Wandaufbau Backstein/Lehmziegel?

10.11.2005 JR



Hallo, ich möchte die Außenwände meines Fachwerkhauses neu ausmauern.
Der Wandaufbau soll so aussehen, dass auch eine einigermaßen gute Isolierung erreicht wird.
Da es für den Wandaufbau viele Möglichkeiten gibt, habe ich mich für die Variante der „doppelten Wand“ entschieden. Ich möchte das Fachwerk außen mit alten Backsteinen sichtbar ausmauern. Innen möchte ich eine zweite Wand hochziehen und den Zwischenraum mit Füllmaterial auffüllen. Nun kommen meine Fragen: 1. Kann ich für die innere Wand auch einen alten Backstein verwenden, oder sollte dieses ein weicher Lehmziegel sein?
2. Mit welchem Material sollte man die „Hohlschicht“ auffüllen?
3. Welchen Innenputz sollte man anbringen?
4. Was ist sonst noch zu beachten?
Vielen Dank im Voraus.
Gruß, Johannes



Diffusion



Wie Du schon sagst - es gibt viele Möglichkeiten...
normalerweise sollte in der Wand die Diffusionsfähigkeit von innen nach außen zunehmen, damit anfallender Waserdampf den Weg nach draußen findest. (Du dampfst immerhin ca. 2 kg Wasser am Tag aus...)Wenn Du jetzt z. B. innen Lehm verwendest, riskierst Du Kondenswasser an der Aussenseite der Dämmung. Deshlab wird eine Vorsatzschale aus Ziegeln hinterlüftet, aber das geht ja schlecht beim Fachwerkgefach... Das ist ein grundsätzliches Problem von der Variante der Innendämmung. Wenn Du außen gebrannten Ziegelstin verwendest, kommst Du nicht um eine Dampfsperre herum, außer Du verwendest für die Dämmung Hartschaum oder Schaumglas. (Nicht sehr ökologisch...)Der Lehm oder der leicht Zigele auf der Innenseit schafft Dir aber tolles Klima, weil hier die Feuchtgkeit gut gespeichert und nach und nach wieder abgegeben werden kann. Innenputz auf Lehm natürlich ein schöner Lehmputz! (Müßte auch auf Ziegel ok sein)
Soviel in 3 Sätzen...
Gruß
Christiane



alte Backsteine sind hygroskopisch



HalloJohannes,
Dein geplanter Wandaufbau wirft kaum bauphysikalische Probleme auf, da die alten Feldbranntsteine/Backsteine in der Regel ein sehr gutes hygroskopisches Verhalten haben.
Mach die Innere Vorsatzwand aus Leichtlehmsteinen, z.B. LehmLeichtbaublöcken 8 DF-Format und verfülle den Zwischenraum wiederum mit Leichtlehm,der nahezu erdfeucht eingebaut und leicht verdichtet wird.

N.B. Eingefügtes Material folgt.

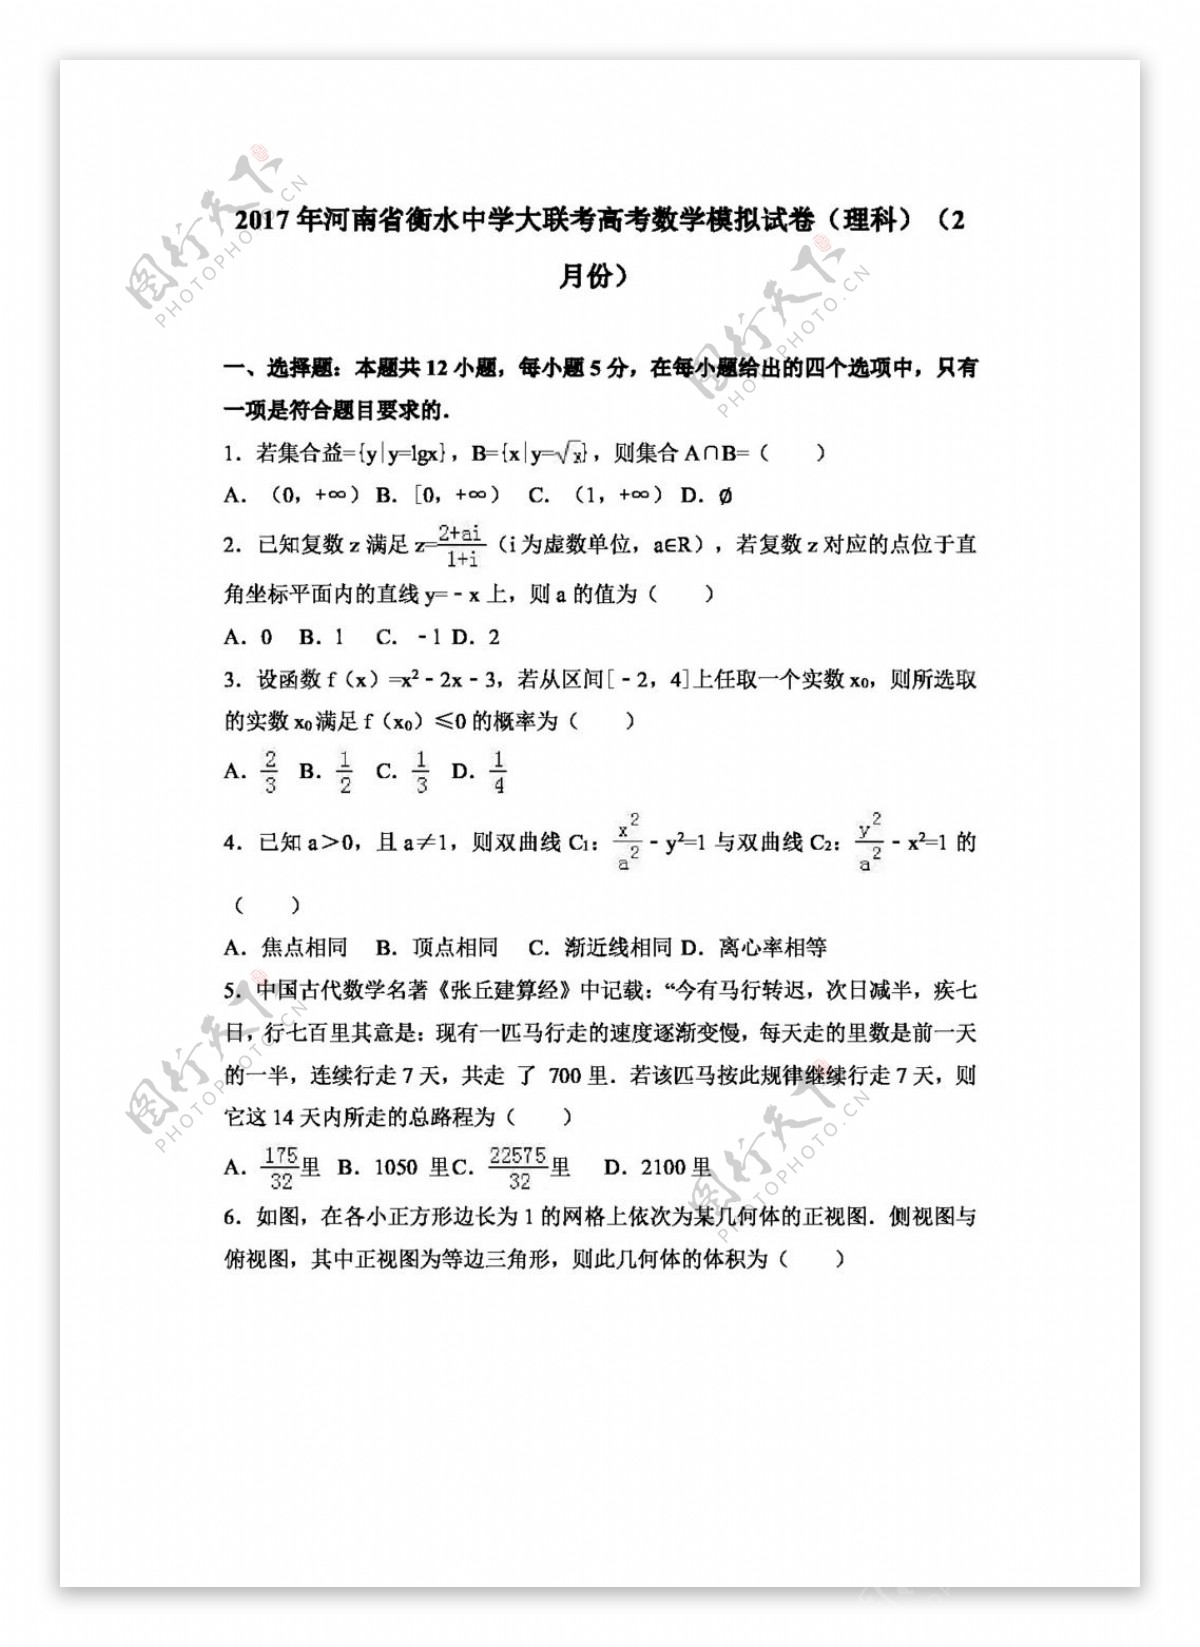 数学人教版2017年河南省衡水中学大联考高考数学模拟试卷理科2月份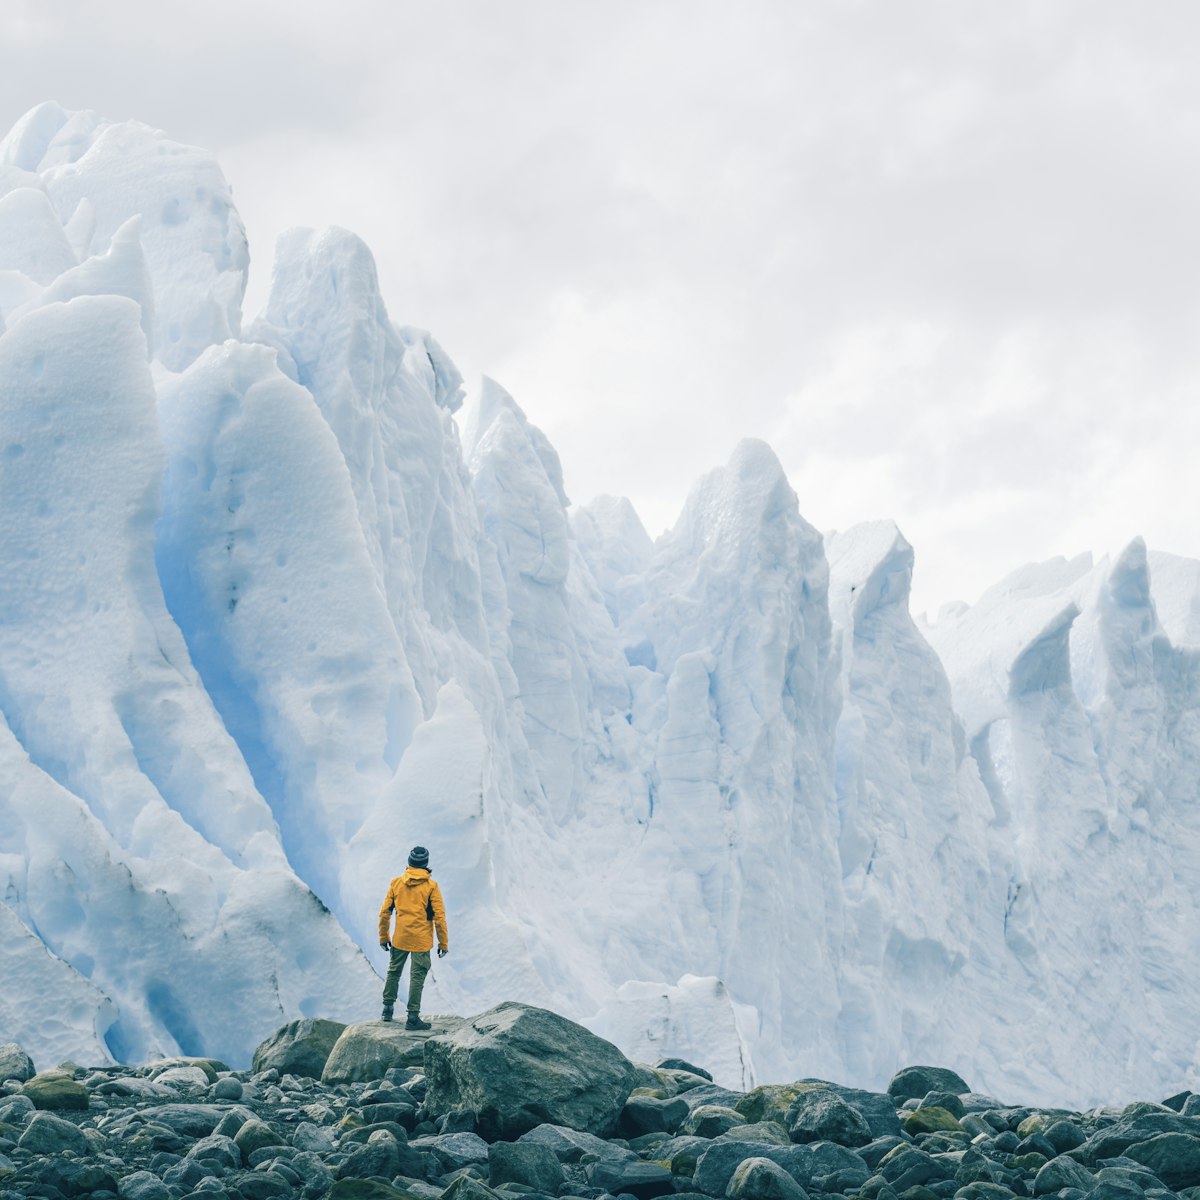 Man looking at the Perito Moreno glacier from the bottom.

So ist der Anschluß an die Backsteinausfachung gewährleistet,der Wandaufbau ist homogen. Wichtig ist,daß an der Wetterseite durch bauliche Maßnahmen (guter Dachüberstand, notfalls Holzverschalung hinterlüftet etc.) zur Minderung von eindringendem Schlagregen gemacht werden.
Auf Wunsch kann ich Dir eine bauphysikalische Berechnung (K-Wert + Dampfdiffusion) anbieten.
Natürlich haften auf Lehmsteinen am besten Lehmputze, LehmFarben,LehmStreichputze.
Schau mal rein unter www.texbis.de. Da gibts viele beispielhalfte Konstruktionsdetails,auch Seminare für SelbstbauerInnen.
Herzl. Grüße

Klaus Schillberg



Kondenswasser



wird sich zwar bilden, wird allerdings , wenn du den Zwischenraum mit einem minerqalischen Leichtlehm verfüllst, von diesem Aufgenommen und kontroliert abgegeben. Eine Wandflächenheizung ist in meinen Augen immer eine der besten Lösungen. Mit lehmigen Grüssen Martin



Hab dasgleiche Problem



Hallo liebe Fachwerk-Gemeinde, Hallo Johannes,
ich stehe vor einem ähnlichen Problem wie du.
Bei mir geht es um ein Fachwerhaus-Neubau:
Der Statiker hat mit Ziegel im Fachwerk und 24er Leichtlehm-Wand und Lehmputz gerechnet (alternativ 24er Poroton).
Leider muß ich aus statischen Gründen Poroton vorziehen.
Mein Zimmermann schlägt eine hinterlüftete Schale mit Wärmedämmung vor (ja, er ist von der konservativen Sorte :-). Einen Wandaufbau ohne Hinterlüftung aber mit Poroton habe ich mit meinem Zimmermann auch schon durchgesprochen, aber er sieht den eindringenden Regen als problematisch. Er will die Feuchtigkeit wie oben gesagt durch die Luftschicht und "Z-Folie" ableiten.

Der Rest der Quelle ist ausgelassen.